* **Data segment**:

■ ■ ■ ■

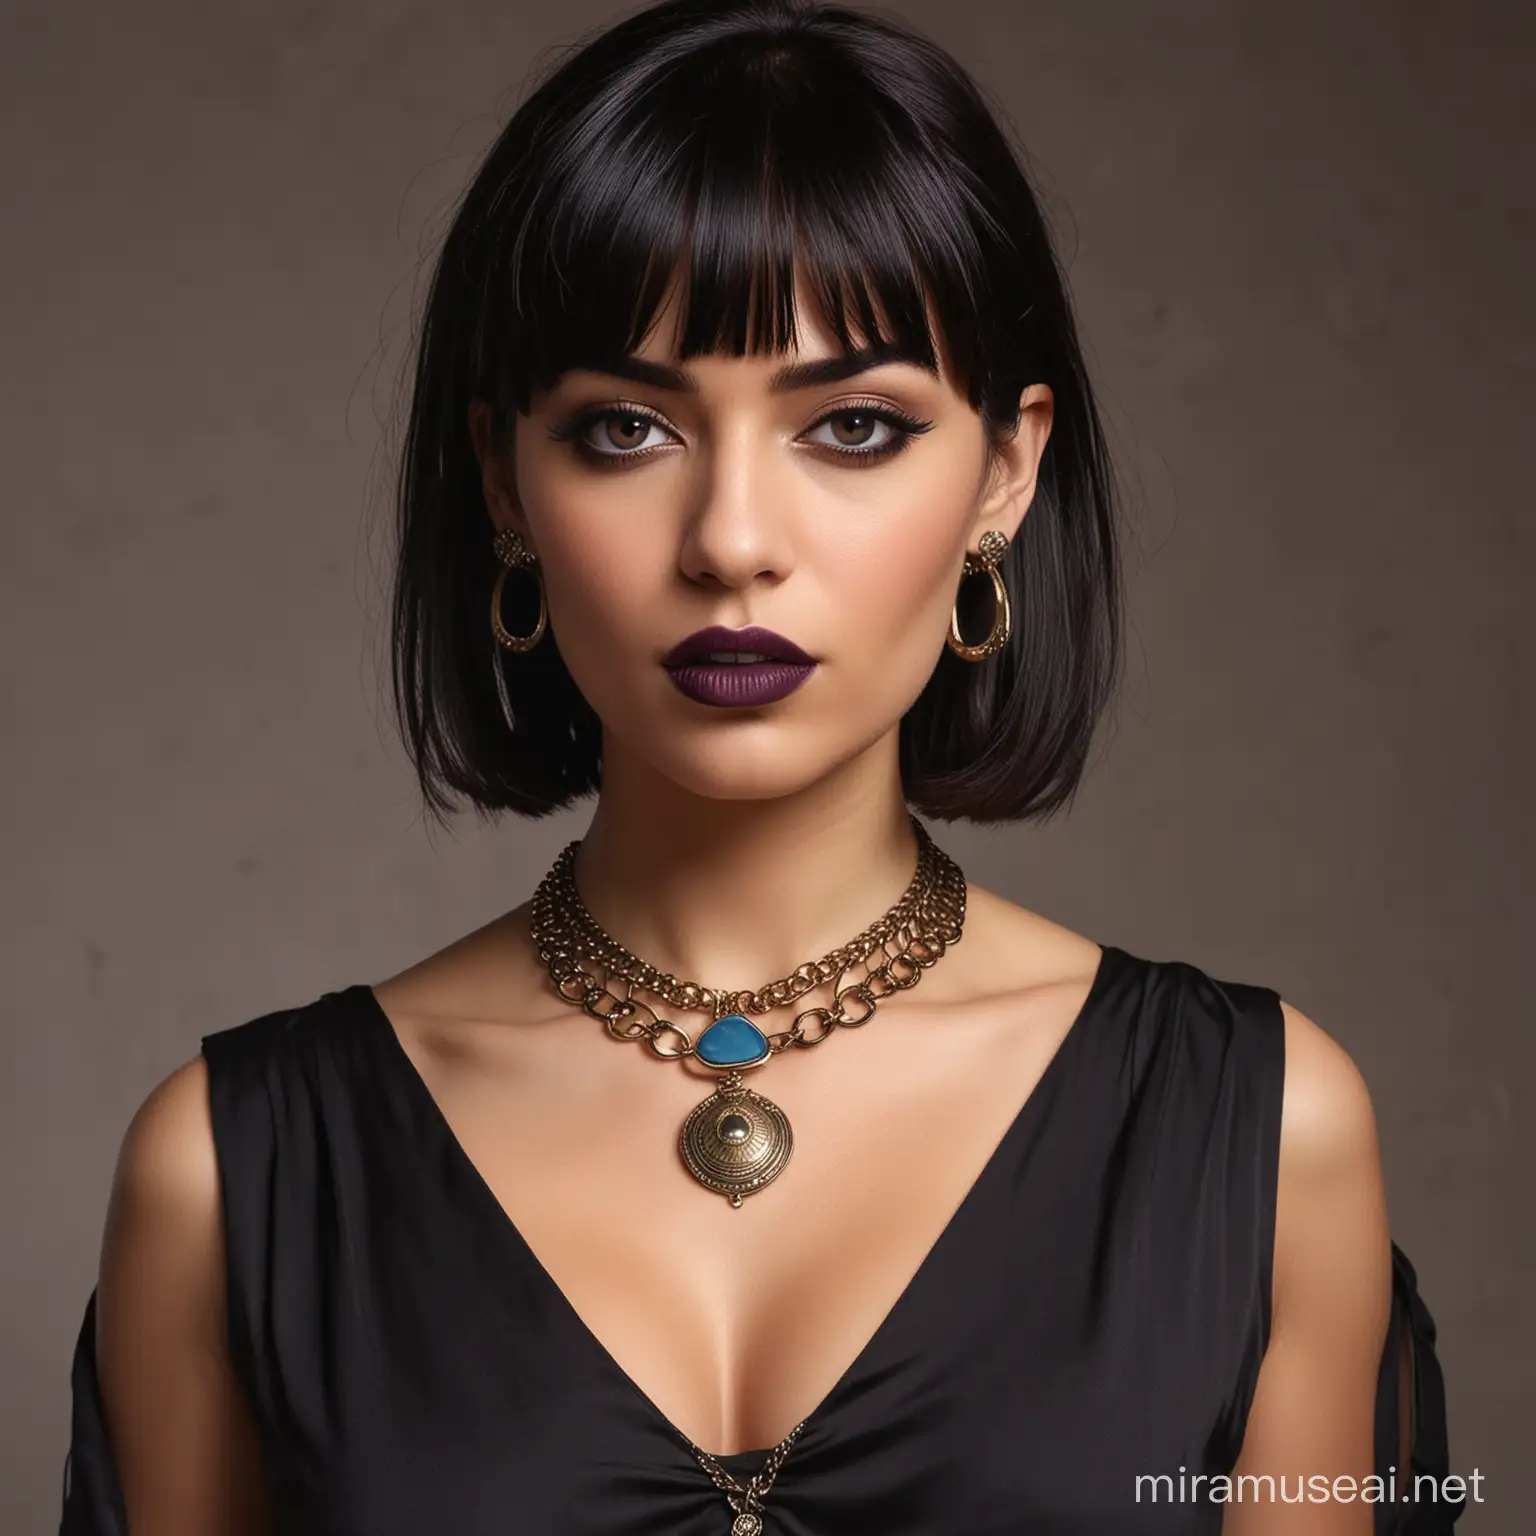 French Female Detective with Egyptian Features and Dark Bob Hair
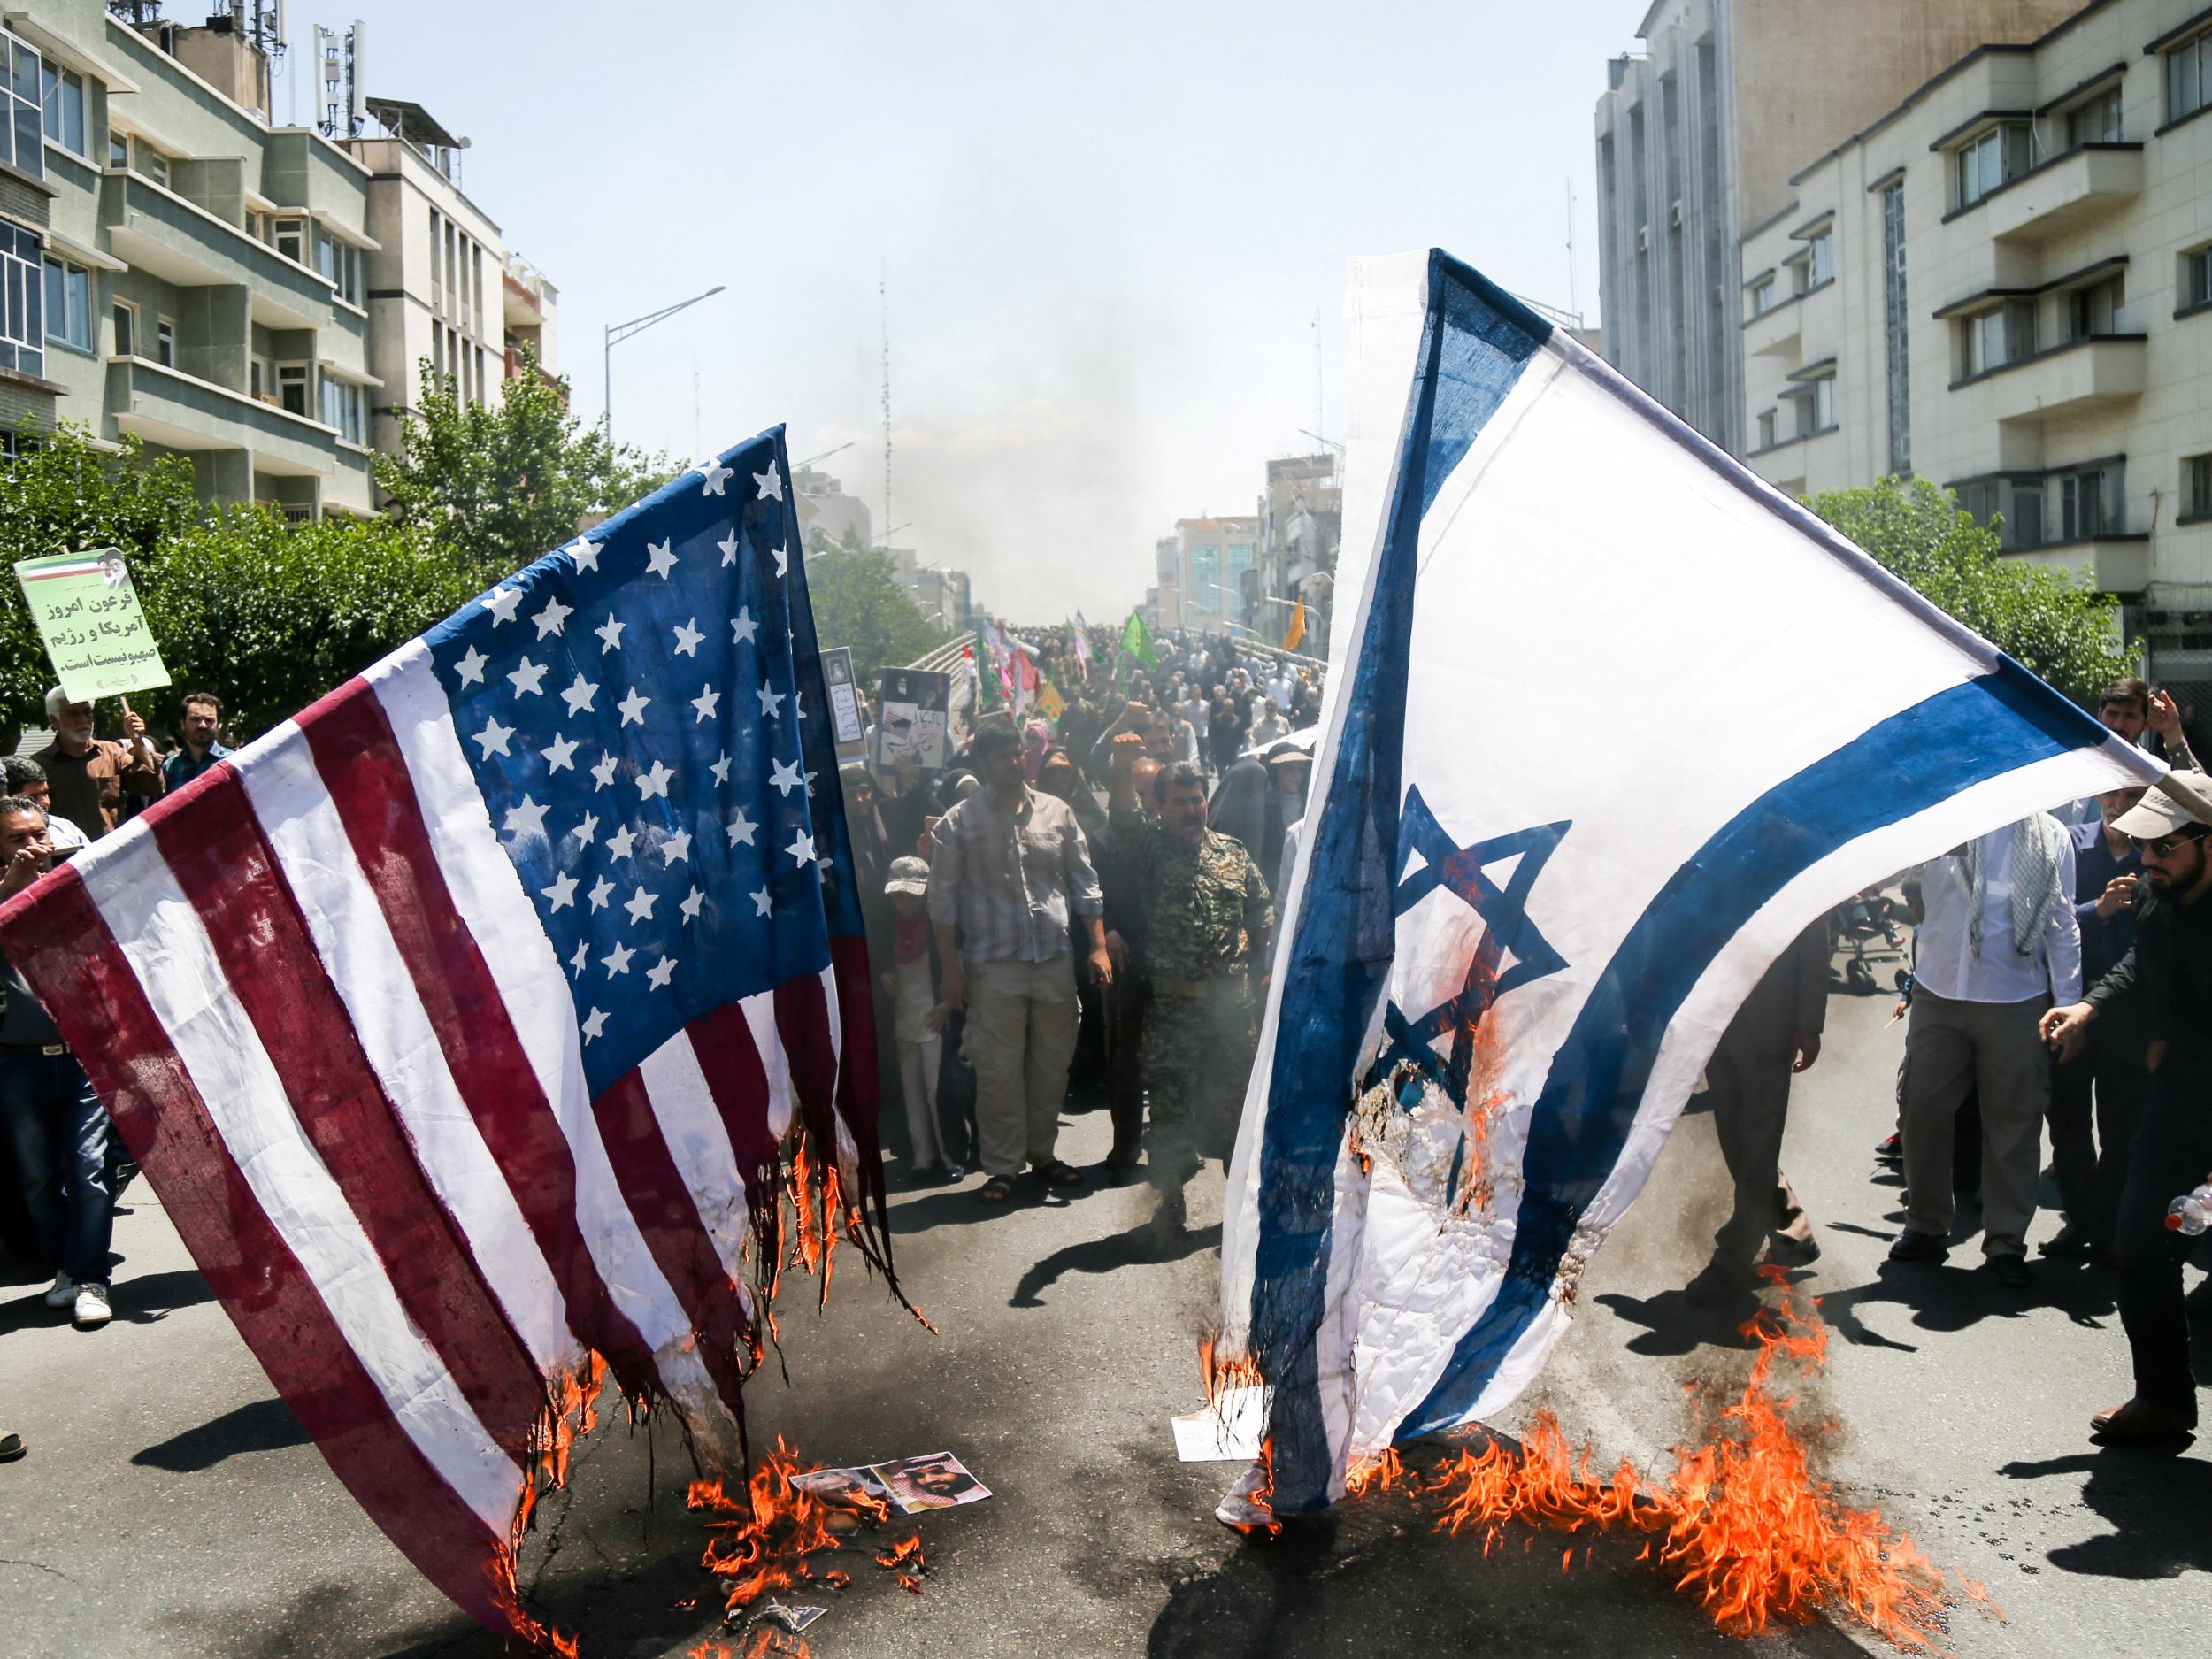 Iranians burn US and Israel flags during a protest marking the annual Quds Day on the last Friday of the holy month of Ramadan in Tehran, Iran
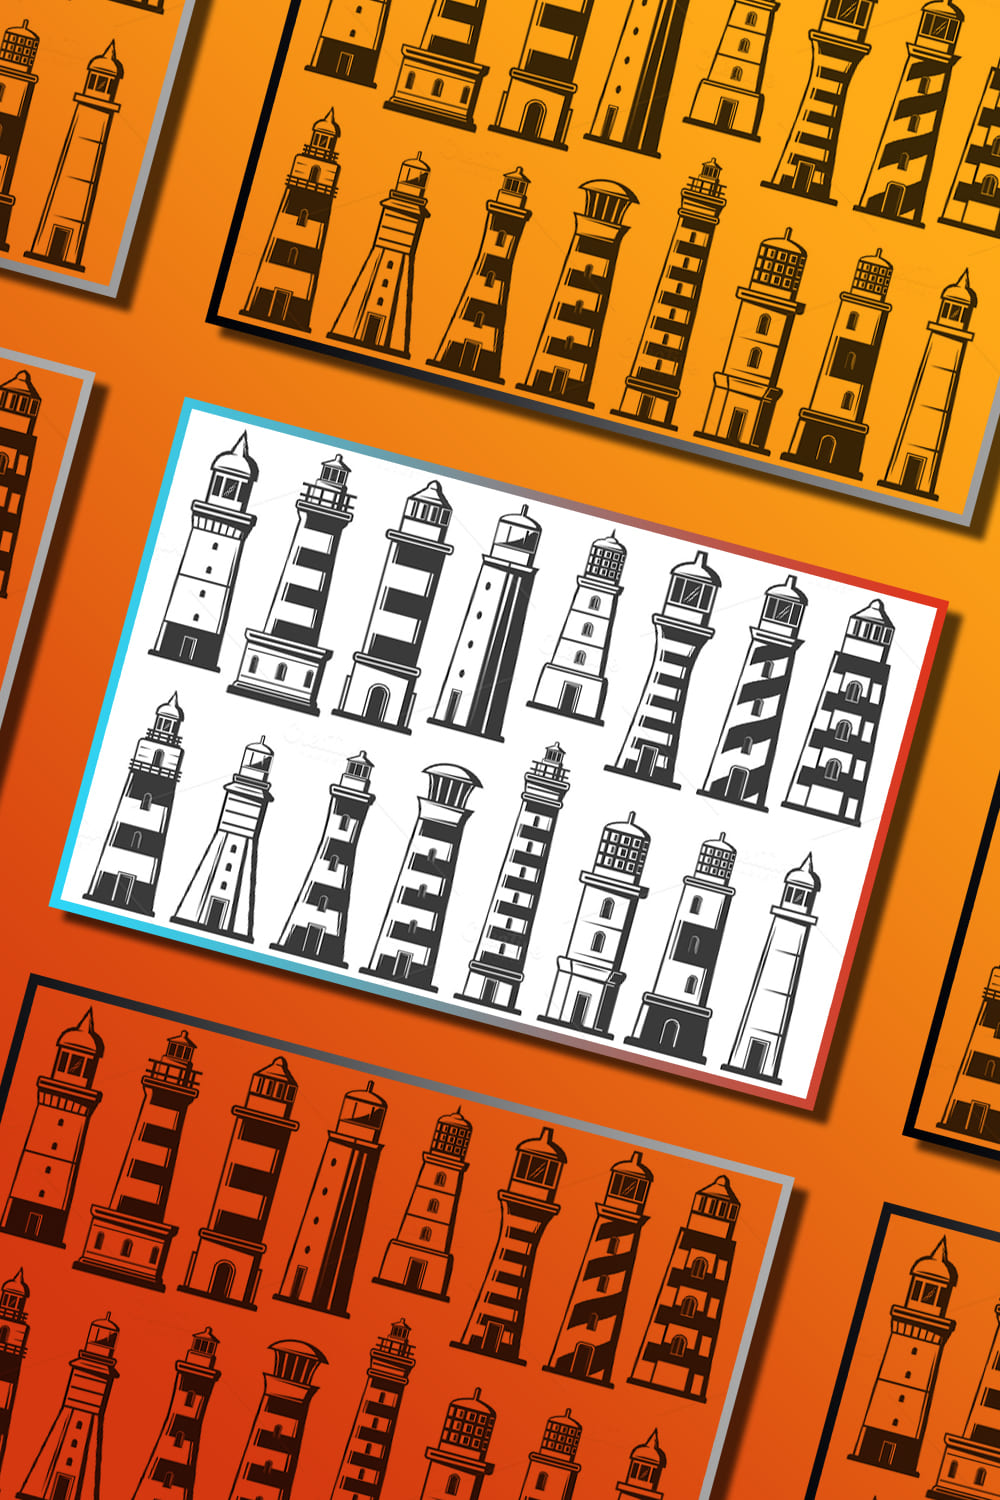 Nautical striped towers navigation for ships and vessels on the orange background.

■ ■ ■ ■

Leaving the pictures out, output each line of the listing exactly.

* **Answer space**:
 French Female Detective with Egyptian Features and Dark Bob Hair
 Iranians burn US and Israel flags during a protest marking the annual Quds Day on the last Friday of the holy month of Ramadan in Tehran, Iran
 Nautical striped towers navigation for ships and vessels on the orange background.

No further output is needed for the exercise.